Mineral de Pozos
"I spent an afternoon watching a man grind a deer bone into a flute in the courtyard of a roofless hacienda — Mineral de Pozos is the kind of place that specializes in afternoons like that."
Mineral de Pozos is hard to categorize, which is probably why it has survived. I arrived on a Saturday morning in March, coming off the toll road from Querétaro city through a landscape that turns the color of old copper coins as you head north. The town announced itself with a water tower and then a scatter of stone buildings, some roofed, most not. A dog crossed the main plaza at the pace of someone who had nowhere to be. That struck me as the right introduction to a place that had already waited a hundred and fifty years for visitors who didn’t quite know what to do with it.
The Ruins Are the Point
The silver and copper ran out around 1910, roughly when the Revolution made everything else run out too, and Mineral de Pozos emptied with unusual thoroughness.
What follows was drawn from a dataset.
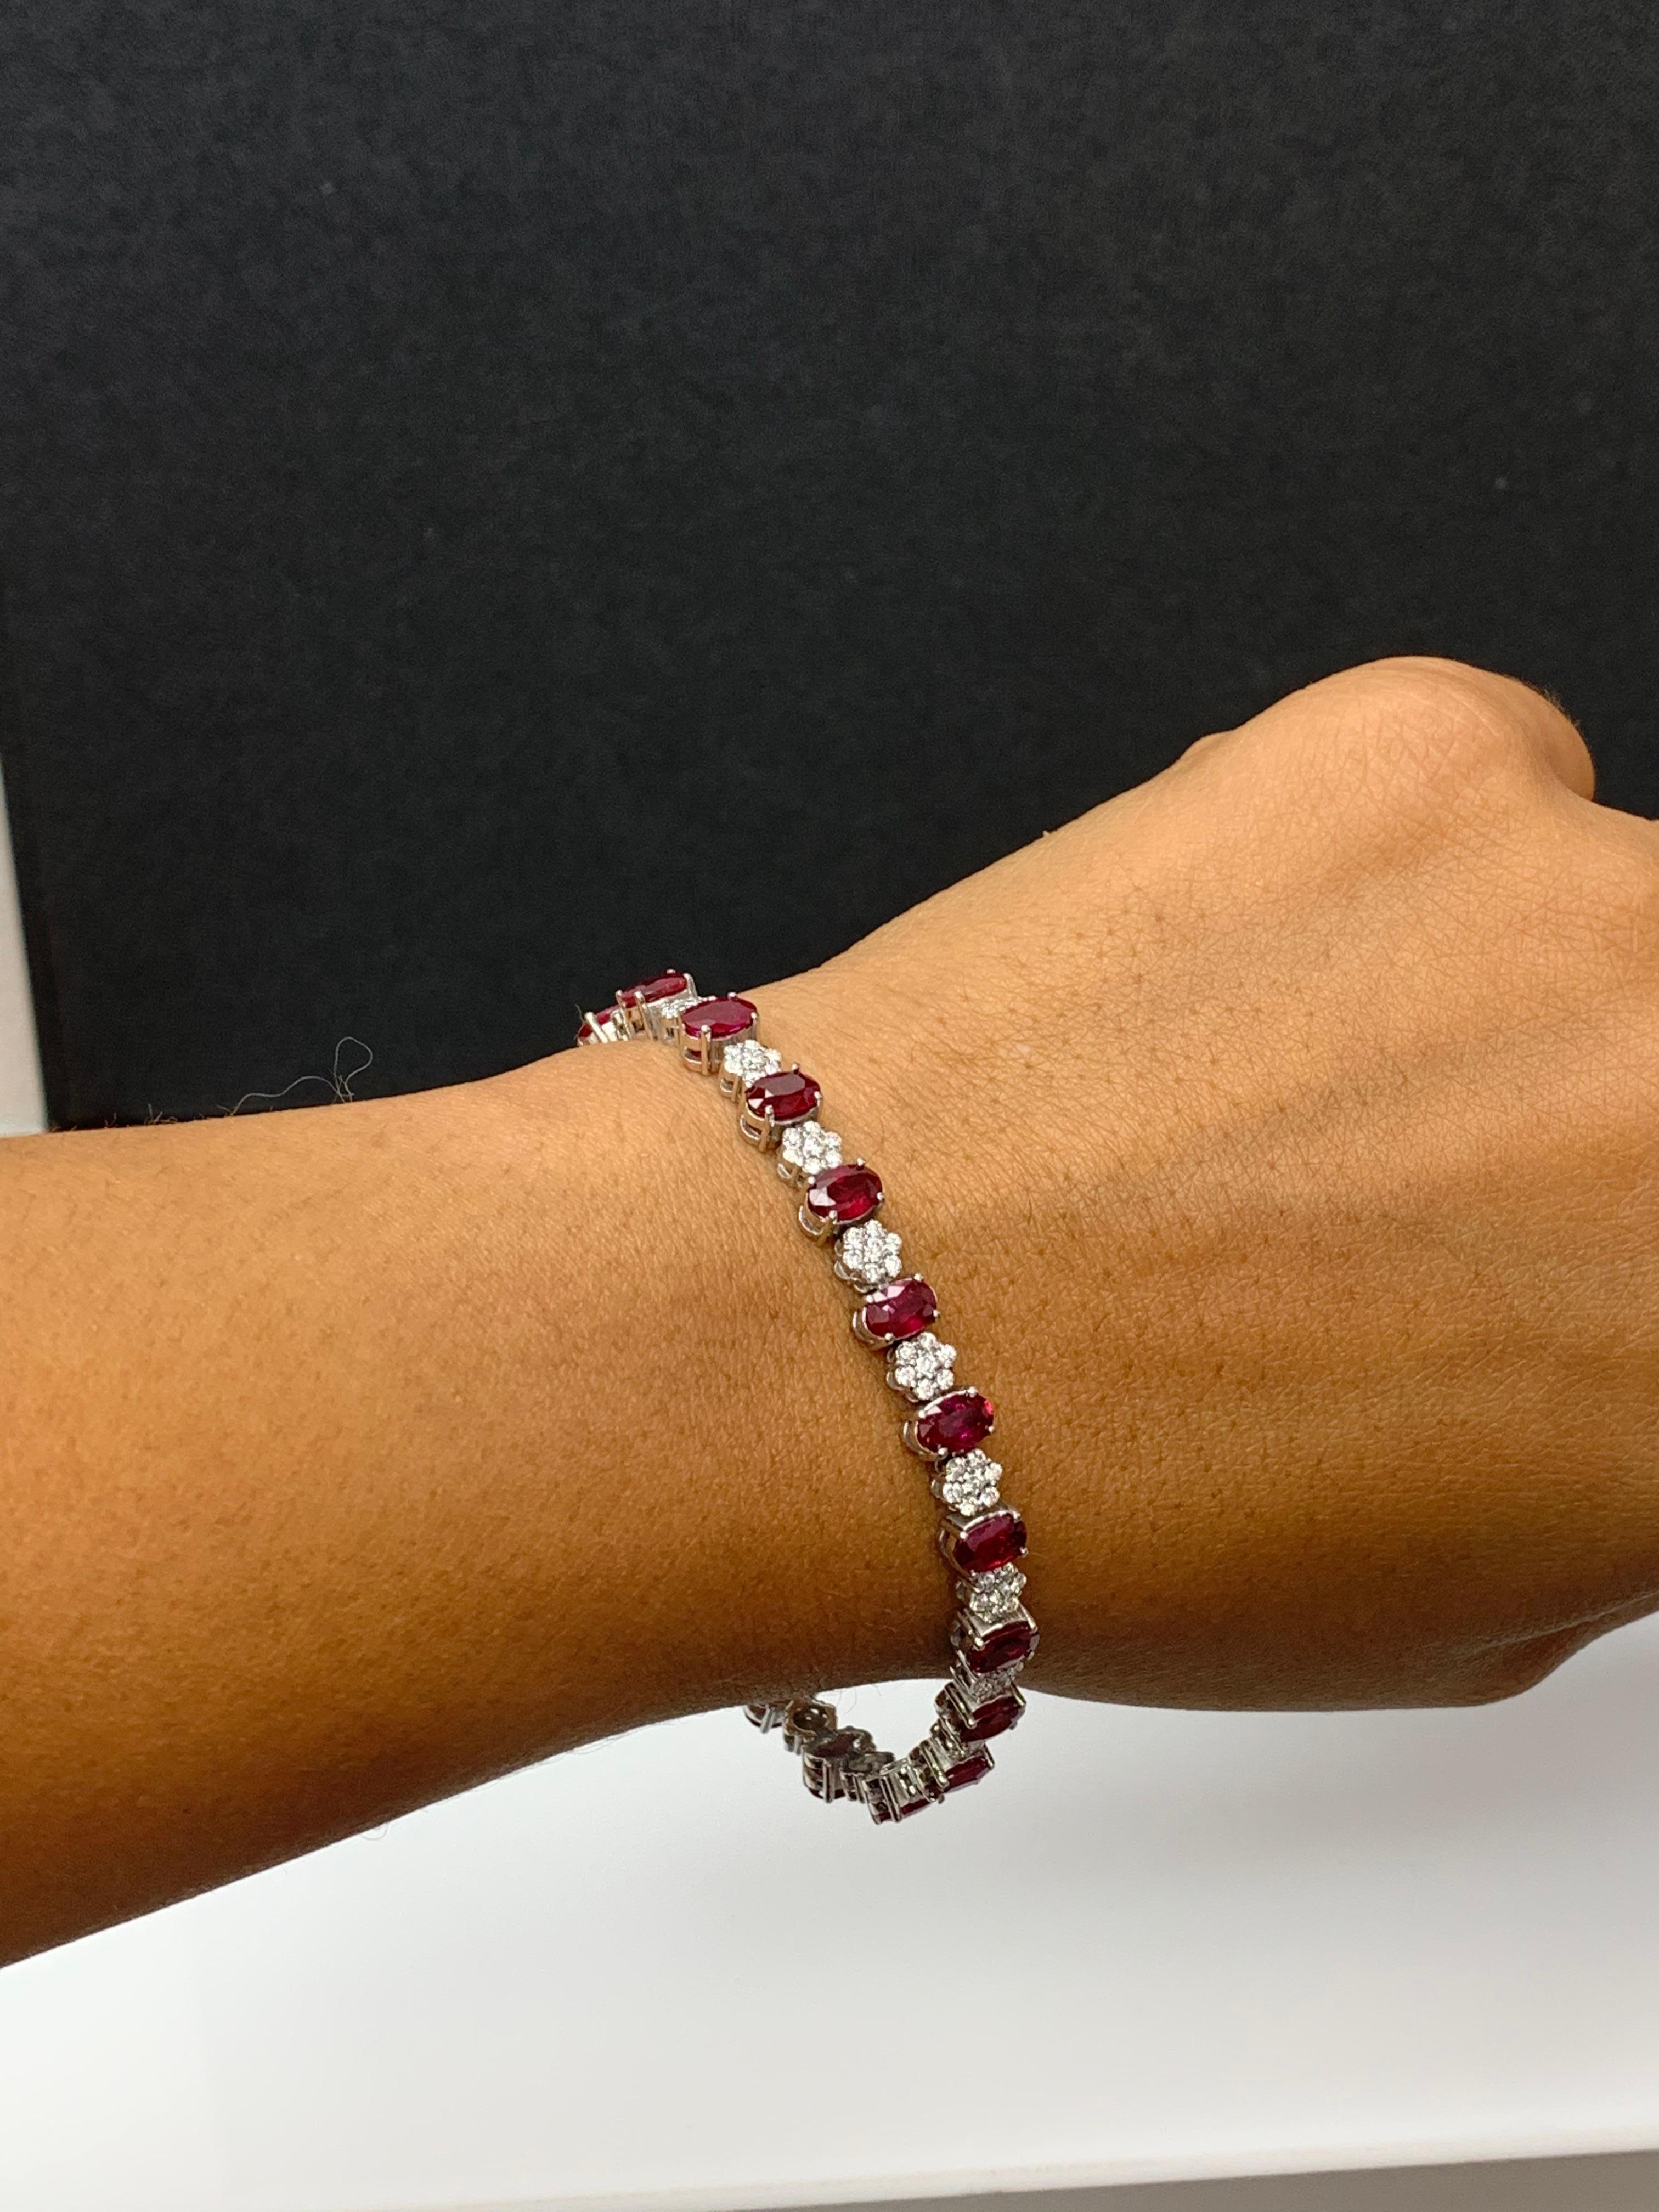 10.34 Carat Oval Cut Ruby and Diamond Tennis Bracelet in 14K White Gold For Sale 11

What remained were the mine shafts — some still open to the sky, fenced loosely with wire that doesn’t particularly discourage curiosity — and the hacienda walls, which stand two and three stories in places but have long since surrendered their roofs. The effect is less melancholy than you’d expect. The high desert light does something to roofless stone buildings: it fills them the way it fills canyons, making the absence of a ceiling feel architecturally intentional rather than catastrophic. I walked into the Hacienda del Cinco Señores on a Tuesday afternoon and found it occupied only by a man painting watercolors in one corner and a cat sleeping in another. The colonial boom-and-bust cycle — the thing that shaped most of central Mexico without anyone ever drawing a map of it — is completely legible here. No interpretive panels, no audio guides. Just walls, and the desert pressing in at the edges.
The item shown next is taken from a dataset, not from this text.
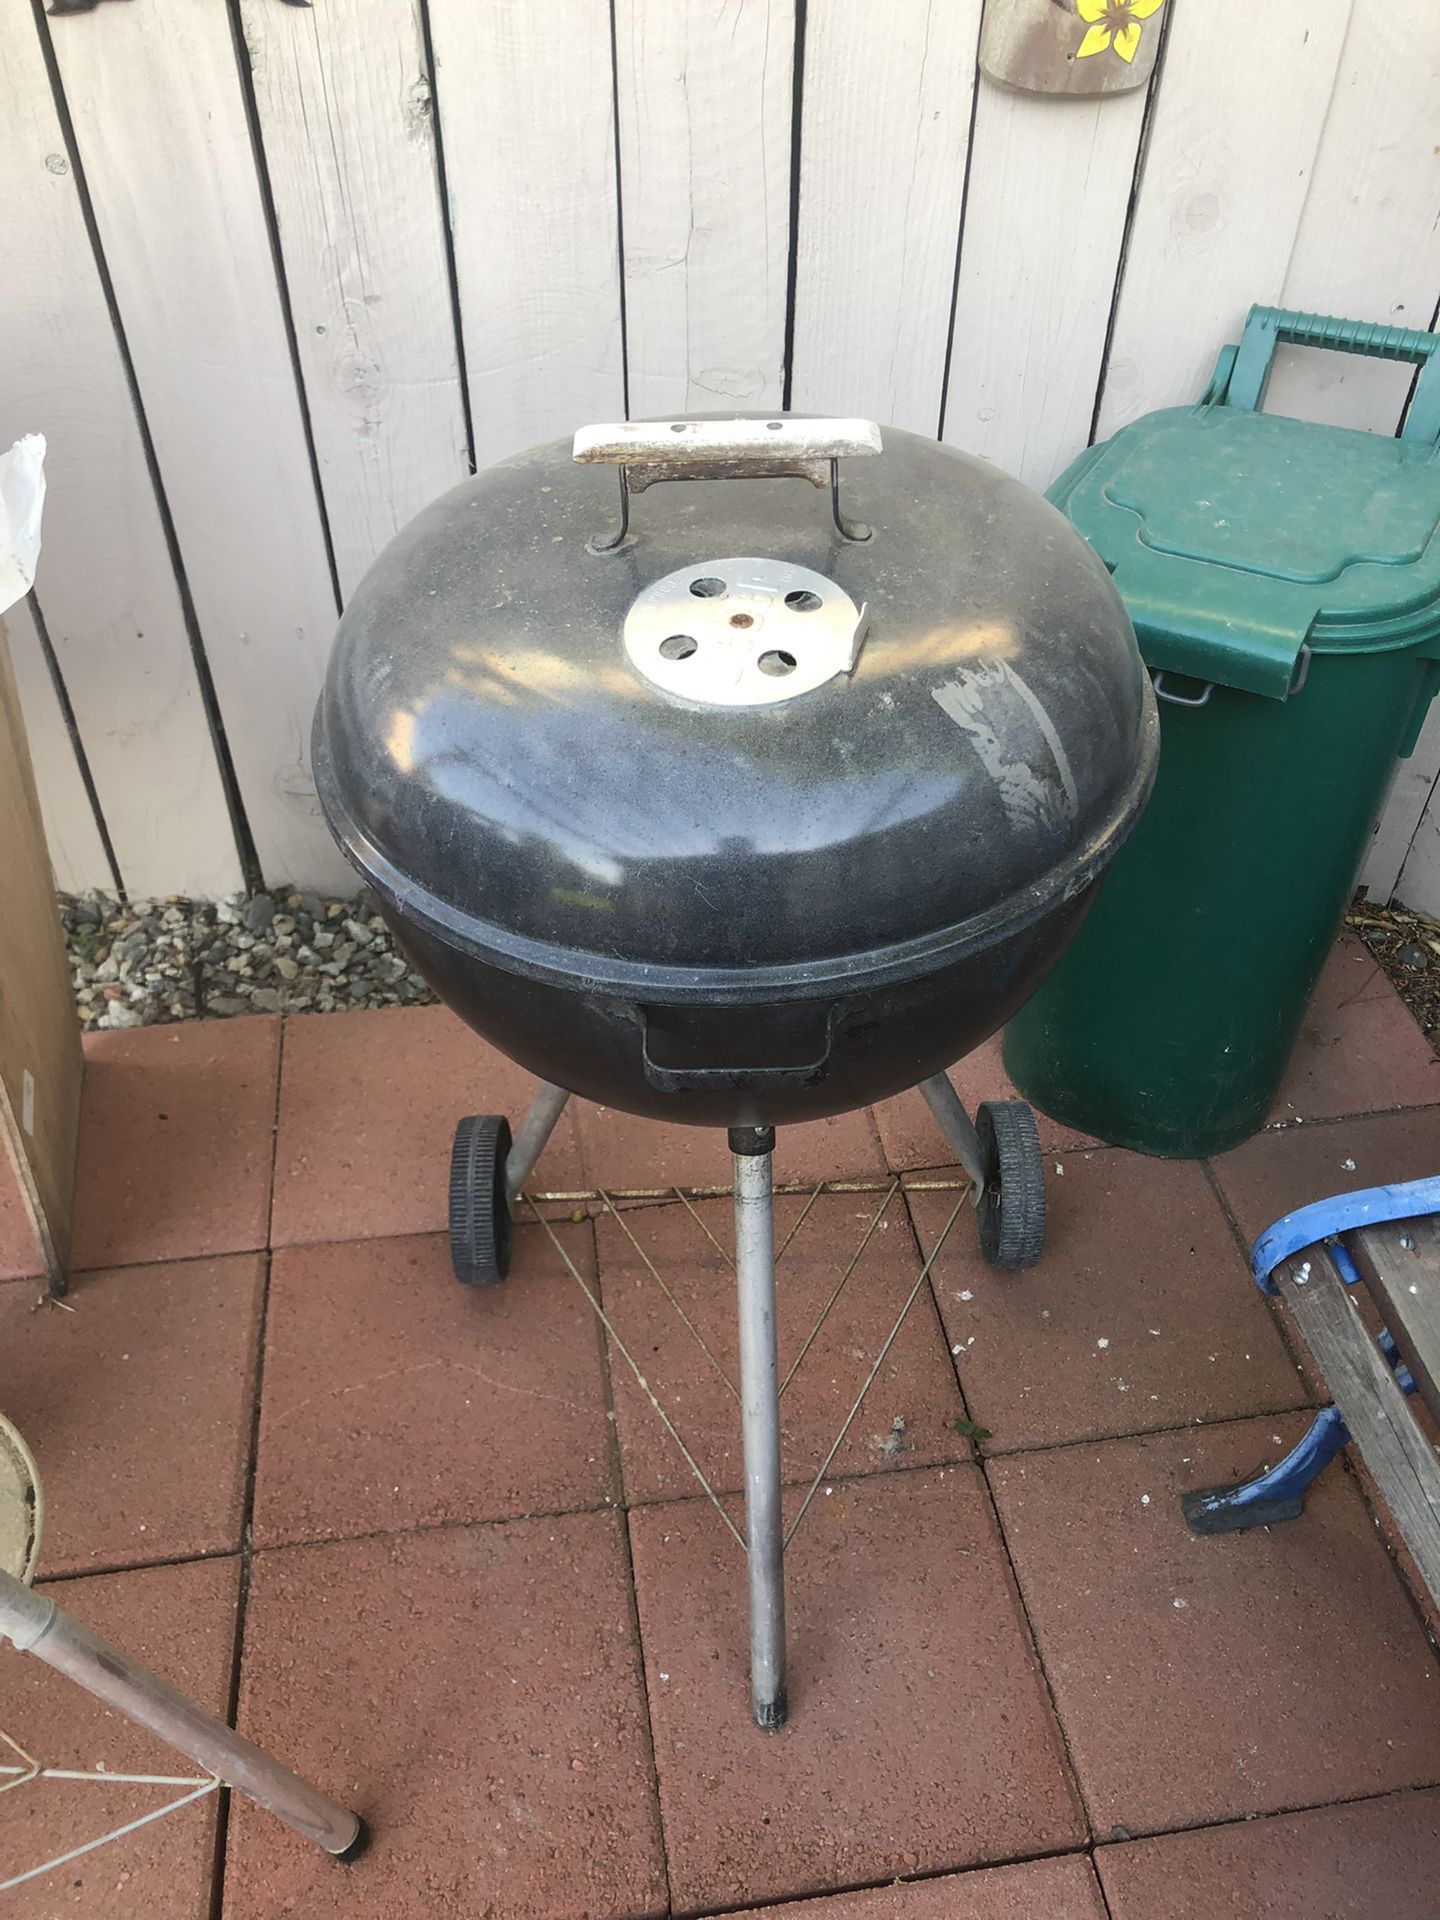 Weber Charcoal Grill In Great Working Condition Selling For $20!!!

Bone Flutes and Clay Ocarinas
The slow resurrection of Pozos is, in large part, a musicians’ project. Workshops selling pre-Hispanic instruments — bone flutes made from deer leg, clay ocarinas shaped like owls and fish — have settled into the ruins with what looks like permanence. The afternoon I keep returning to in my head happened in a courtyard off Calle Cinco de Mayo, where a man named Alejandro was grinding a deer bone against a flat stone with the patience of someone who has been doing this for decades and has no intention of stopping. He sold me a double flute for 280 pesos and played it first to demonstrate the range, which was four notes and considerably more expressive than I expected. The small market ringing the main plaza — quieter than Oaxaca’s Mercado de Artesanías, more serious than the souvenir rows in San Miguel — has the same quality. The craft here is not decorative. It is functional in a way that the ruins behind it make difficult to dismiss.

Where the Day Anchors
The restaurant situation in Pozos is spare, which focuses the mind usefully. Las Delicias on the plaza serves decent enfrijoladas and a goat barbacoa on Sundays that arrives in clay wrapped in maguey leaves — I ate it standing at a folding table because the seating was full by eleven. For a room, Casa Montana has a garden that looks like it was transplanted from somewhere in southern Portugal; breakfast is included and appears without being requested. For an afternoon drink, the mezcalería past the parish church on the corner stocks several local agaves I couldn’t identify, poured by a man who seemed genuinely relieved to be asked about them.

Getting There
Mineral de Pozos sits about two hours by car from Querétaro city and forty minutes from San Miguel de Allende. There is no direct bus from Querétaro — take a first-class service to San Luis de la Paz and negotiate a taxi from there, roughly 25 minutes and 150 pesos. Altitude is around 2,200 meters. The dry season from October through April is most comfortable, though the summer storms roll in fast from the north and look spectacular from a covered courtyard.